Decrease in compensation expense of $22.8 million associated with Bal Seal's employee retention plans;
Decrease in selling, general & administrative costs of $8.5 million relating to transaction costs;
Decrease in cost of sales of $2.4 million relating to the step-up of acquired inventory;
Decrease in amortization of $5.3 million relating to intangible assets acquired; and
Increase of income tax expense of $4.1 million relating to the above adjustments.

Investments

Near Earth Autonomy

On June 22, 2022, the Company invested $10.0 million in Near Earth Autonomy, Inc. ("Near Earth"), in exchange for a minority interest in the outstanding equity of Near Earth and one seat on its Board of Directors. This investment supports Near Earth's mission to accelerate its technology to establish an industry standard in autonomous solutions for the next generation of aviation and leverages the Company's core competency in precision parts manufacturing as the preferred manufacturer of autonomous parts and components for Near Earth. Near Earth has been a partner on the Company's autonomous technology since 2019, most recently for the KARGO UAV unmanned aerial system, a purpose built autonomous medium lift logistics vehicle.

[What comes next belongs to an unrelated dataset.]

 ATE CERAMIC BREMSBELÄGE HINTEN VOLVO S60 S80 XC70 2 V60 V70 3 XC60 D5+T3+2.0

In accordance with ASC 321 - Investments - Equity Securities, the Company elected to apply the measurement alternative and accounted for the investment as an equity interest, initially measured at cost. The investment was included in Investment in Near Earth Autonomy on the Company's Consolidated Balance Sheets as of December 31, 2022. Upon observable transaction prices or impairment, the Company will remeasure the investment at fair value.